But, listen, don’t misunderstand: I’m not blaming the people interviewed for the superficiality of the documentaries. They are just being obliging and saying what they are able to. The failure is the filmmaker’s, not theirs—because it’s the filmmaker’s duty to dig beneath the surface.

And the problem is not limited to movie star commentary or documentary films. Almost nobody tells the truth in this sort of situation unless you force them to. We live in a haze of clichés most of our lives. Think of political rallies. Or what goes on in the classroom. Most people don’t really think unless you make them do it.

But you can make someone think. You can break through the clichés if you work at it. But to do that, you have to know your subject inside-out. That was the problem with Kiselyak. He knew too little about Cassavetes and was too in awe of the people he was interviewing to detect when he was being fed a line of bull.

I thought you said you were the scholarly advisor on the film. Why didn’t you tell him this?

I told him but he wasn’t interested. It represents such a different point of view from his own, that I don’t think he could even hear what I was saying. Bear with me. You have to know a little background to understand this. Kiselyak began this project with only a passing knowledge of Cassavetes’ work. He knew even less about Cassavetes’ life. He is a Los Angeles free-lance “industrial” filmmaker. He makes documentaries for a living. From what he’s told me, he’s mainly worked for Pioneer. He makes documentaries to be included with their video releases. He was hired to do the Cassavetes film to accompany Pioneer’s release of the Cassavetes box set—though after the documentary was completed Pioneer cancelled the box set because they didn’t think they’d make enough money on it. The documentary was just another job to him. He was doing it strictly for the money.

He called me up when he got the assignment and confessed that he had not seen most of the films and didn’t know very much about Cassavetes. He asked me to fill him in on what he needed to know, who he should interview, what documentary footage of Cassavetes was available, etc. etc.. He asked me if I would be the scholarly advisor.

The events that followed taught me a few lessons about the power of money in our culture. Here I was—someone who had spent a lifetime studying Cassavetes’ work, someone who had struggled year after year to get books and essays published against all sorts of resistance, who had ultimately had to finance several of them at my own expense to get them out there, who had spent tens of thousands of dollars of my own money to celebrate and promote Cassavetes’ work.
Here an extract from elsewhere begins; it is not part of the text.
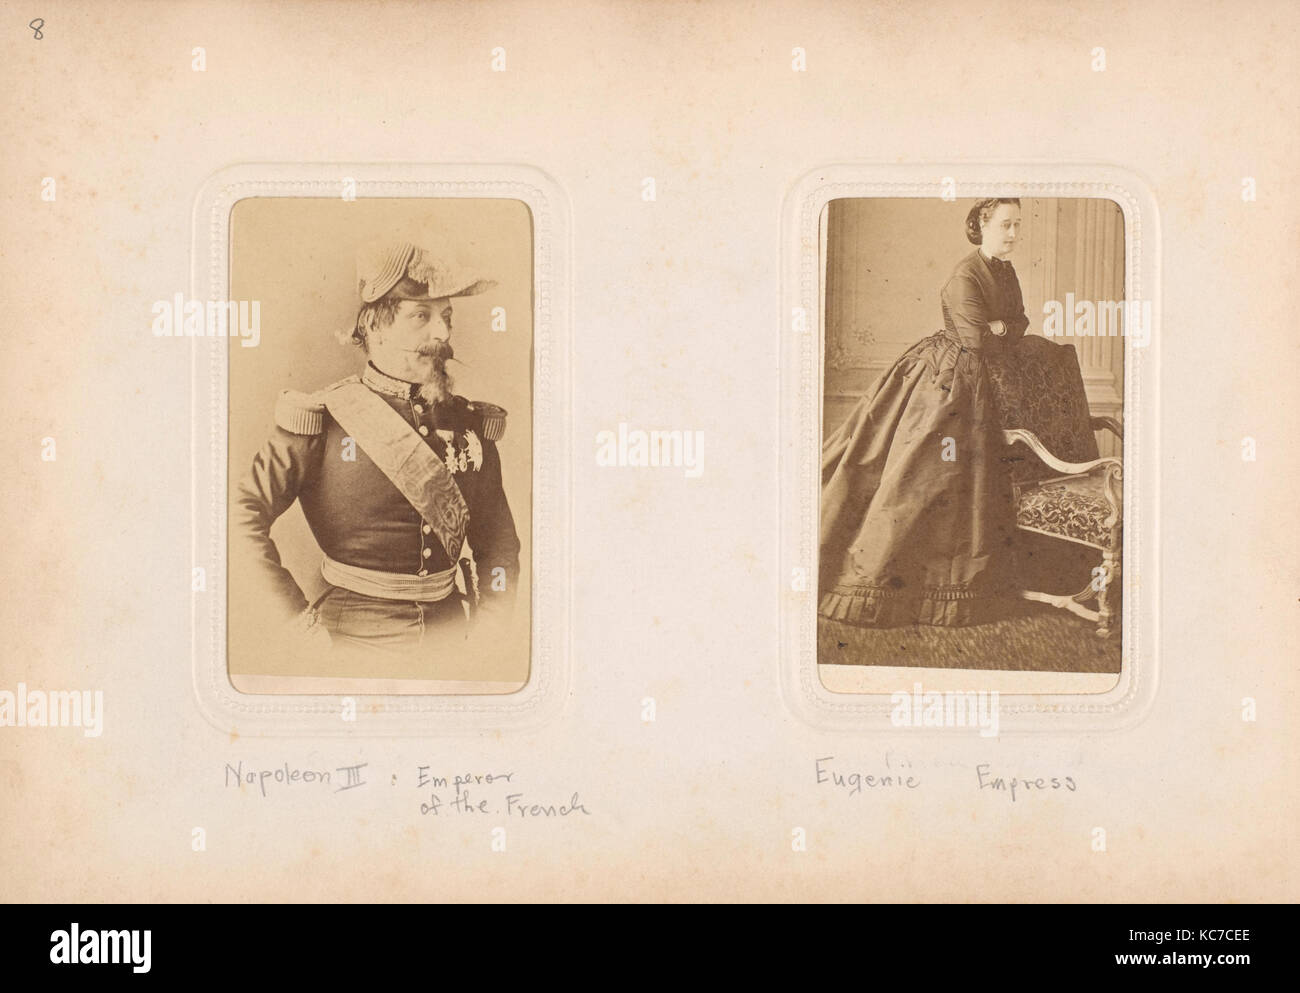 Carte-de-Visite Album von prominenten Persönlichkeiten, Mayer & Pierson, 1860 s - 70 s Stockfoto

And I get a phone call from this guy who hasn’t even seen all of the films, and knows almost nothing about Cassavetes except what he read on the Internet Movie Database, and he tells me he has been given a lot of money—I later learned he spent something like $200,000—to make a movie about him.

It kind of took my breath away. This guy didn’t think he had to have seen the movies to make his film. He wasn’t doing it out of passion and conviction. It was a job.

This is a world I had almost no contact with up to this point. I was so naïve. I had never even thought of someone doing something like this strictly for the money. Of course I’ve since realized that that’s the way a lot of things are done. Even books. But it’s completely different from the way I work.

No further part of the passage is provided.